Pipeline Components and Applications

  1. Home
  2. Docs
  3. Pipeline Components and Applications
  4. Enrichment
  5. Stream Enrich
  6. Run stream enrich

Run stream enrich

Stream enrich can be run with different message queues:

  • kinesis
  • kafka
  • nsq
  • stdin

1. Run

1.1. Docker image (recommended)

With configuration files in path_to_config_dir directory :

docker run \ -d \ --name stream-enrich \ --restart always \ --log-driver awslogs \ --log-opt awslogs-group=${log_group_name} \ --log-opt awslogs-stream=`ec2metadata --instance-id` \ --network host \ -v ${path_to_config_dir}:/snowplow/config \ -e 'JAVA_OPTS=-Xms${heap_size} -Xmx${heap_size} -Dorg.slf4j.simpleLogger.defaultLogLevel=${log_level}' \ snowplow/stream-enrich-${message_queue}:${version} \ --config /snowplow/config/config.hocon \ --resolver file:/snowplow/config/iglu_resolver.json \ --enrichments file:/snowplow/config/enrichments/ \ --force-cached-files-download
Code language: JavaScript (javascript)

1.2. Fat jar

$ java -Dorg.slf4j.simpleLogger.defaultLogLevel=${log_level} \ -jar snowplow-stream-enrich-${message_queue}-${version}.jar \ --config config.hocon \ --resolver file:iglu_resolver.json \ --enrichments file:path/to/enrichments

2. Config in DynamoDB / Datastore

2.1. DynamoDB

When using with Kinesis, it’s possible to store the configuration of the resolver and/or enrichments in DynamoDB. In this case dynamodb: prefix needs to be used in place of file: prefix:

--resolver dynamodb:eu-west-1/configuration_table/resolver \ --enrichments dynamodb:eu-west-1/configuration_table/enrichment_

In this case it’s assumed that the enrichments and resolver are stored in a table named configuration_table in eu-west-1, that the key for that table is id, that the resolver JSON is stored in an item whose key has value resolver, and the enrichments are stored in items whose keys have values beginning with enrichment.

In the example above configuration_table is a table with 2 columns : id and json.

There must be one line with resolver as id and the content in the json column.

enrichment_ is the prefix used in the id column to configure an enrichment, and then the content must be put in the json column.

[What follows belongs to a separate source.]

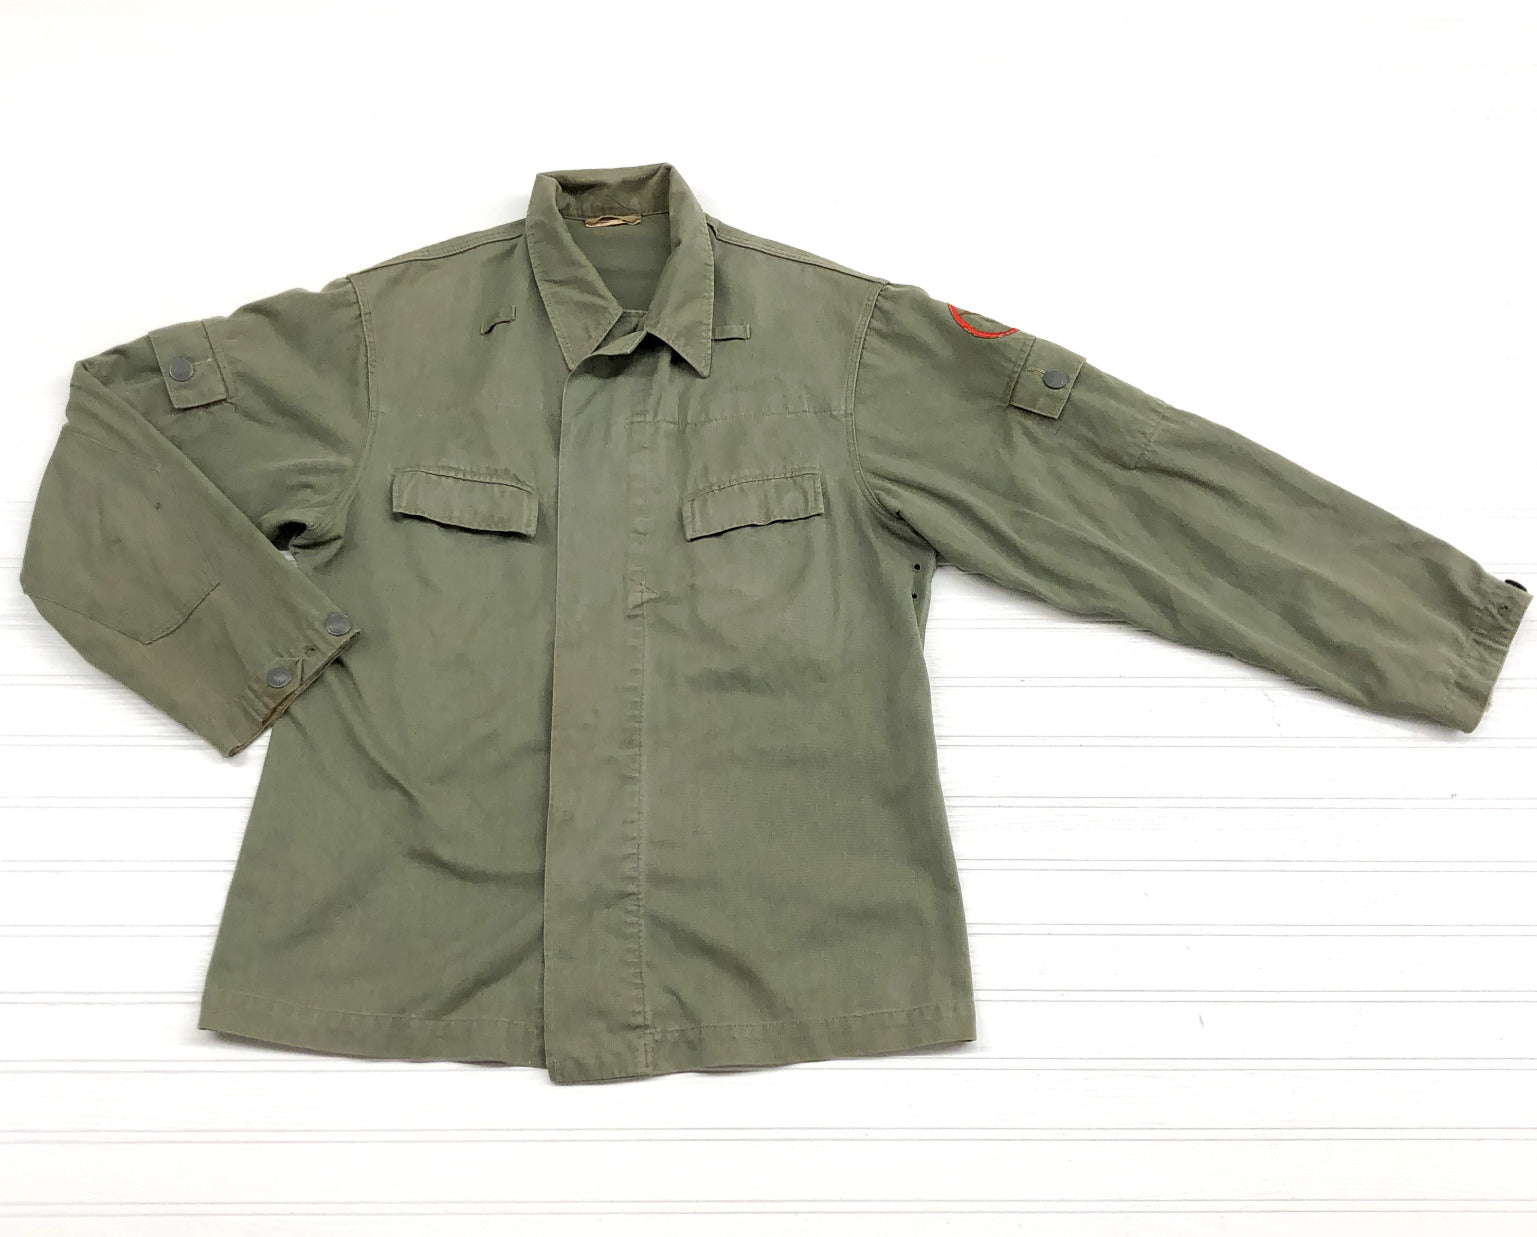 Vintage G-48 Kampfgruppen der Arbeiterklasse Army Green Military Jacket Size S-M

Here is the list of all the enrichments (with enrichment_ prefix) in id column :

  • enrichment_api_request_enrichment_config
  • enrichment_http_header_extractor_config
  • enrichment_iab_spiders_and_robots_enrichment
  • enrichment_pii_enrichment_config
  • enrichment_sql_query_enrichment_config
  • enrichment_weather_enrichment_config
  • enrichment_yauaa_enrichment_config
  • enrichment_anon_ip
  • enrichment_campaign_attribution
  • enrichment_cookie_extractor_config
  • enrichment_currency_conversion_config
  • enrichment_event_fingerprint_config
  • enrichment_ip_lookups
  • enrichment_javascript_script_config
  • enrichment_referer_parser
  • enrichment_ua_parser_config
  • enrichment_user_agent_utils_config

2.2. Datastore

When using with Google PubSub, it’s possible to store the configuration of the resolver and/or enrichments in Datastore. In this case datastore: prefix needs to be used in place of file: prefix:

--resolver datastore:resolver/iglu \ --enrichments datastore:enrichment/enrich-

In this case it’s assumed that the resolver has kind resolver and has iglu as key, the value being stored in column “json”. It also assumes that the enrichments have kind enrichment and their names start with enrich- with their values being stored in column “json”.